Why archive data must be available quickly and inexpensively

A customer recently told us that they use local storage for medical research data during processing and analysis. After all, it’s fast and cheap because it’s on premise and, after all, you pay a fee for each transaction in the cloud. She then told us that once the data is analyzed and given “archive” status, they move it to the cloud as archive data. Because that’s cheap.

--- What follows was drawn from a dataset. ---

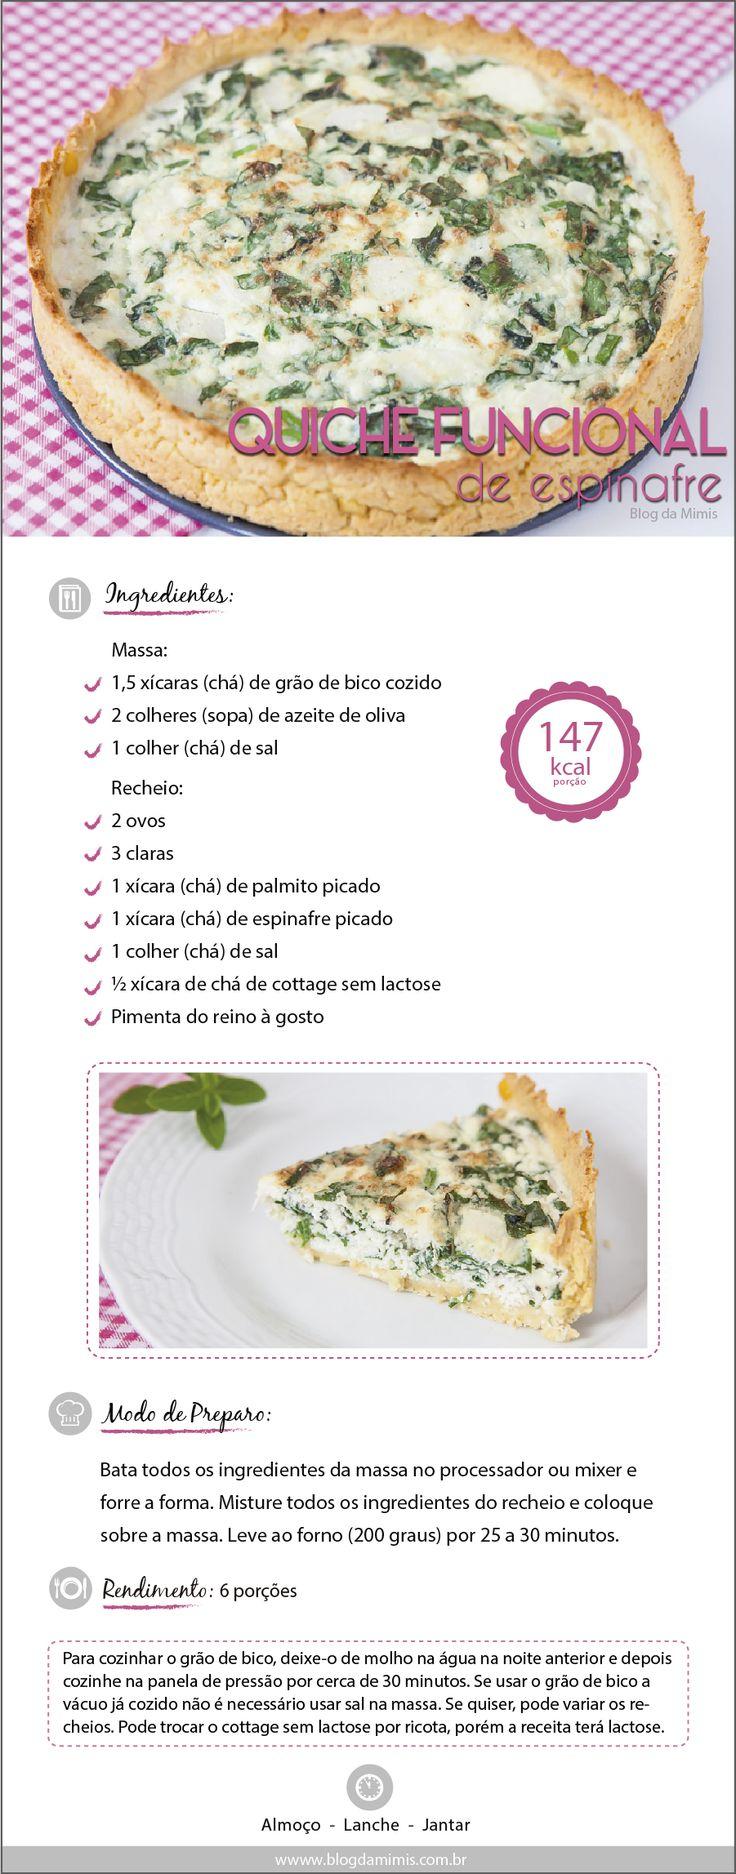 quiche-espinafre-blog-da-mimis-michelle-franzoni-sem-lactose2-01

Infrastructure already in place

But is it? Assuming this customer uses Silent Bricks, she already has the system in place. Or some other system that scales favorably. So: you have a system with several terabytes where you have your work data. Putting your archive data there as well will cost less than cloud storage, depending on the capacity you need. An extension costs from 0.2 cents per gigabyte per month, including all transaction fees and still at the speed you already know. After all, you already have some of the infrastructure in place. So it’s much cheaper to extend your existing system for archival or other purposes.

What is archive?

On top of that, the archive is no longer the archive. No longer a proverbial dusty place full of information to be preserved, but a valuable source of information for research. Take Coronavirus research: historical data of various ages are needed quickly and permanently. Data on all kinds of studies on influenza must be reanalyzed with today’s science. If you want to retrieve all that old data from the cloud for big data analysis, the costs add up considerably and time is ticking away. Those who have this data available on premise are the bacon.

Taiwan

Remarkably, the Coronavirus has barely gained a foothold in Taiwan, some 37 nautical miles from China. Taiwan created a plan to prevent expansion after the SARS outbreak several years ago. Whether it is completely AVG-proof is debatable, the fact is that the databases of customs, airports, hospitals and health insurers are linked. A big data analysis was run on that. Again, this is archived data that was readily available.